Packliste für eine Kenia-Safari
Konzentrieren Sie sich auf atmungsaktive Kleidung in neutralen Farben und legen Sie mehr Wert auf eine hochwertige Kamera als auf eine schwere Garderobe. Der Platz in Buschflugzeugen und Safarifahrzeugen ist begrenzt, packen Sie daher alles in eine einzige, weiche Reisetasche.
- Wählen Sie das richtige Gepäck. Bringen Sie eine weiche Reisetasche (maximal 15 kg) mit. Hartschalenkoffer lassen sich unmöglich in den Frachträumen kleiner Cessna-Flugzeuge verstauen, die für Buschflüge im Inland genutzt werden.
- Wählen Sie Ihre Farbpalette. Bleiben Sie bei Khaki, Beige, Olivgrün oder Sand. Vermeiden Sie Dunkelblau und Schwarz, da diese Tsetsefliegen anziehen, und grelles Weiß, das sofort Staub zeigt und Wildtiere erschrecken könnte.
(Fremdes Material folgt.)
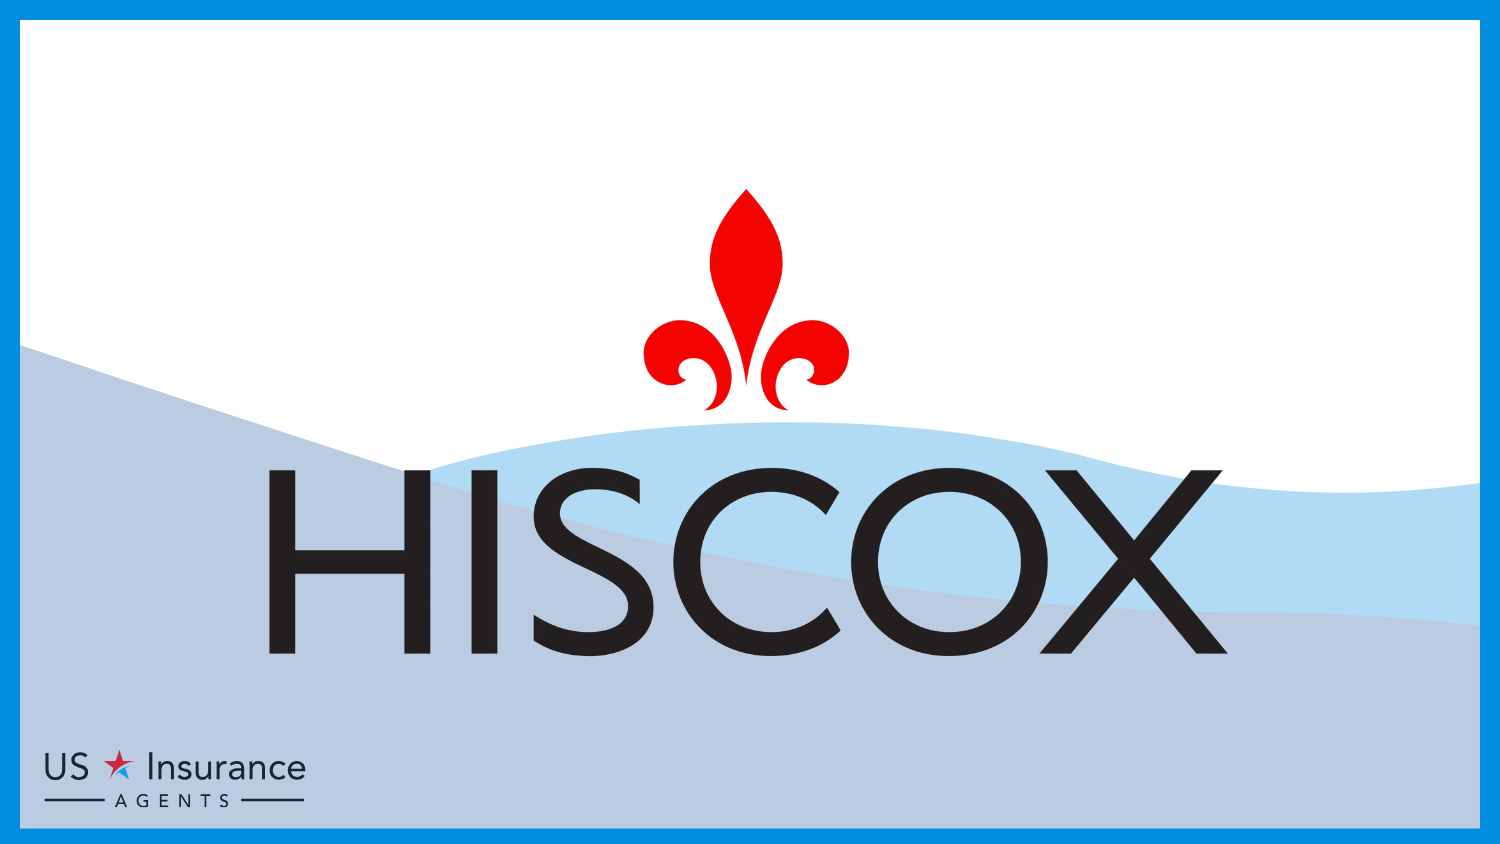 Hiscox: Best Business Insurance for Live Event Performers
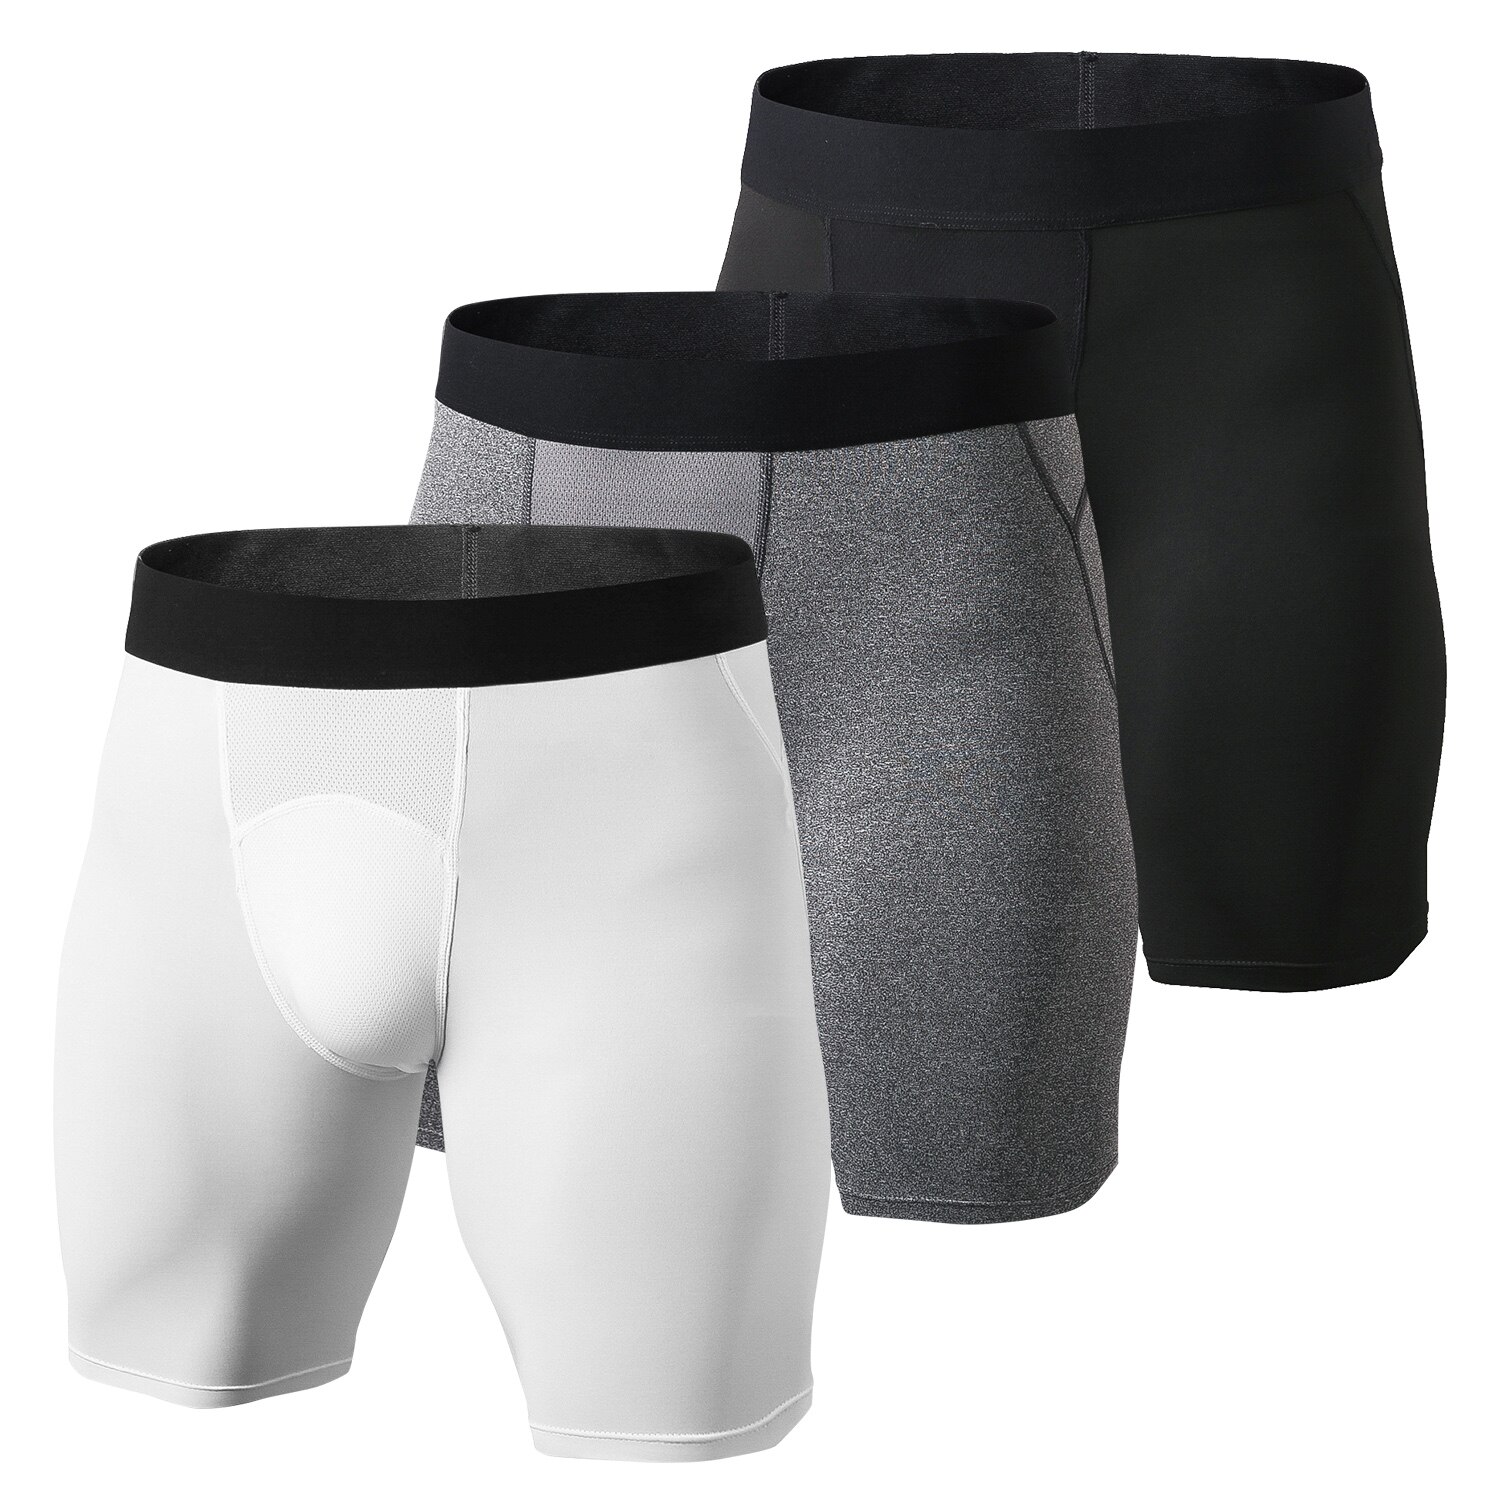 3 Pack Men Sports Underwear Breathable Boxing Briefs Men Compression Shorts Fitness Cycling Quick-drying Stretch Shorts

- Schichten für wechselnde Temperaturen. Frühe Morgenpirschfahrten sind eiskalt (ca. 10 °C), während die Nachmittage auf 30 °C steigen. Packen Sie eine Fleece- oder leichte Daunenjacke, eine Windjacke und kurzärmlige Hemden ein.
- Schützen Sie Ihre Ausrüstung. Bringen Sie eine spezielle Drybag oder robuste Ziploc-Beutel mit, um Ihre Kamera, Objektive und Ihr Handy vor dem allgegenwärtigen feinen roten Staub der Savanne zu schützen.
- Brauche ich wirklich Malariamedikamente?
- Ja. Die meisten Safari-Regionen in Kenia sind Malariagebiete. Konsultieren Sie mindestens 4 Wochen vor Ihrer Abreise eine Reiseklinik, um ein Rezept für Prophylaxe zu erhalten.
- Kann ich Tarnkleidung tragen?
- Nein. In Kenia sind Tarnmuster oft auf militärische Zwecke beschränkt. Bleiben Sie bei einfarbigen, neutralen Safari-Farben, um Ärger mit den örtlichen Behörden zu vermeiden.
- Wie viel Kameraausrüstung ist zu viel?
- Beschränken Sie sich auf einen Kamerabody und zwei Objektive: ein vielseitiges Zoom (z. B. 100-400 mm) für Wildtiere und ein Weitwinkelobjektiv (z. B. 24-70 mm) für Landschaften. Sie werden im Feld keine Zeit haben, Objektive häufig zu wechseln.